“Tell that smart woman to slip down here and see me before our patient comes back. I’ll be here from four to seven to-day. And, mind that you put her ‘dead on’ to me, as the holder of a hundred pound note for her.”
“Good,” grunted Alberg.
“And, now, my son of Galen, what was it that upset Mrs. Willoughby?” Vreeland was eagerly studying the German’s face.
“The old thing. She has raved all night about her child. I only brought her out of the attack with the strongest anti-spasmodics that man dare to use, short of clear cold murder. It’s a terrible risk,” sighed Alberg.
When Doctor Hugo Alberg left the Elmleaf, he was under the spell of his lying coadjutor, and richer by a few hundred dollars. “This fellow must never even lift the veil of the Temple,” muttered Vreeland. “Only trust to Justine. Only Justine,” he cried, as he threw himself down to sleep, after ordering the wondering Bagley to send Miss Kelly home on her arrival, and also that dark-eyed enigma, Miss Garland. He needed solitude.

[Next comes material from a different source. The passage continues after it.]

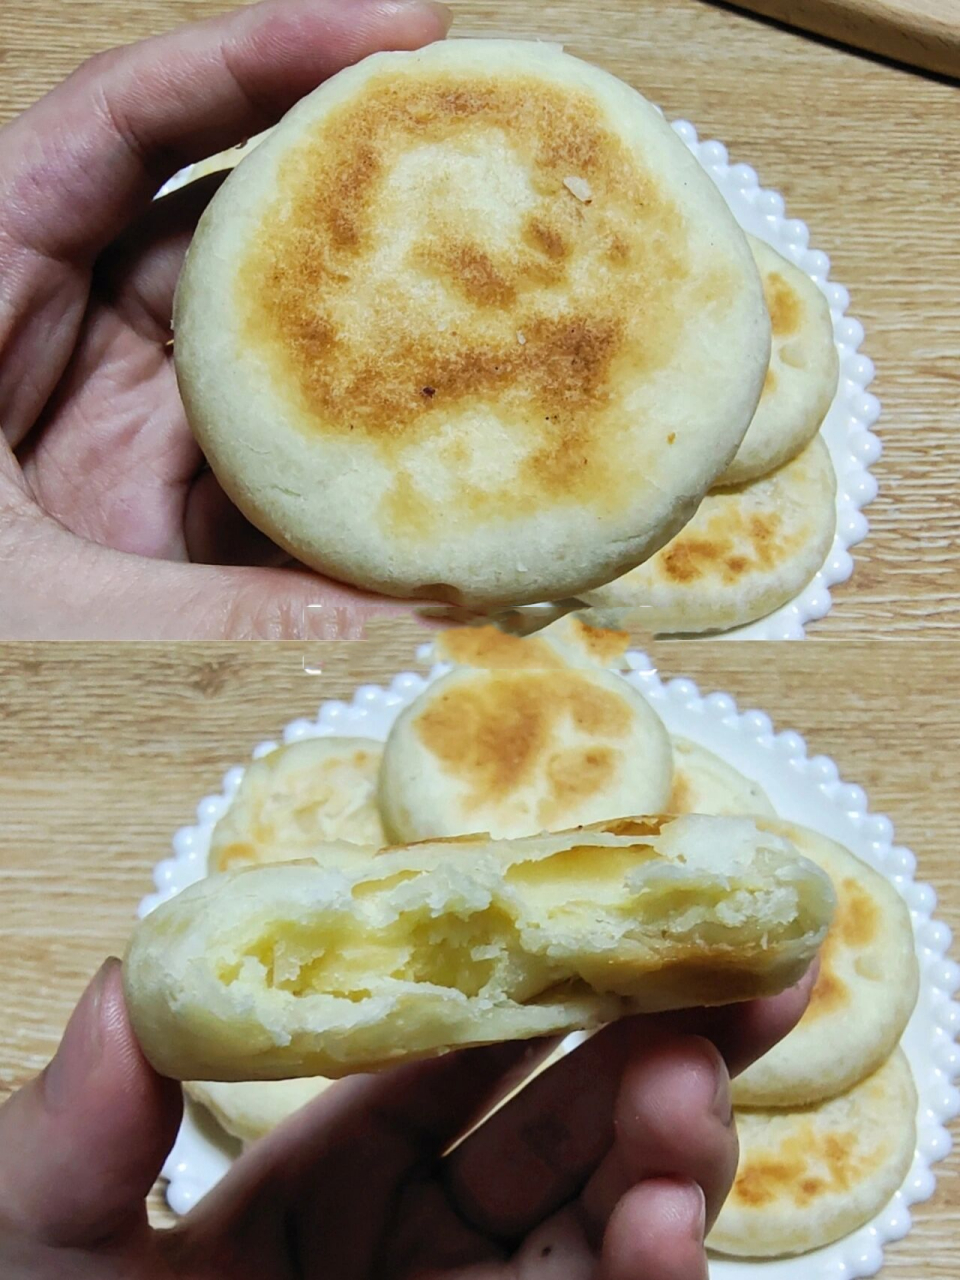 这款绿豆酥饼简直是懒人福音,做法简化到极致,食材也很简单,做出来

“I am ill, and, must have a long sleep. You can take a day off yourself. Clear out for the day and don’t let me hear a single footfall about my rooms,” were the staccato injunctions of the excited schemer.
“If that nurse only comes,” he murmured, as he closed his weary eyes.
It was eleven o’clock when a light step echoed in Vreeland’s hall, and the swishing sound of Justine Duprez’s robe made the banker leap to his door. The French girl had her will at last. She stood amid the splendors of Vreeland’s veiled Paradise—her lover’s home.
She cried out in glee, “Thank God! She is out of the way. I came here from the train. She absolutely forbade me to go with her. I have had the janitor’s boy watching all the trains. This Senator Garston went up the road an hour ago. The smart boy helped us last night in the cloak rooms, and, so, they are off alone together, up there, to-day.”
Vreeland’s eyes blazed in a mighty triumph. “To-night, you must help me, Justine,” cried the eager schemer.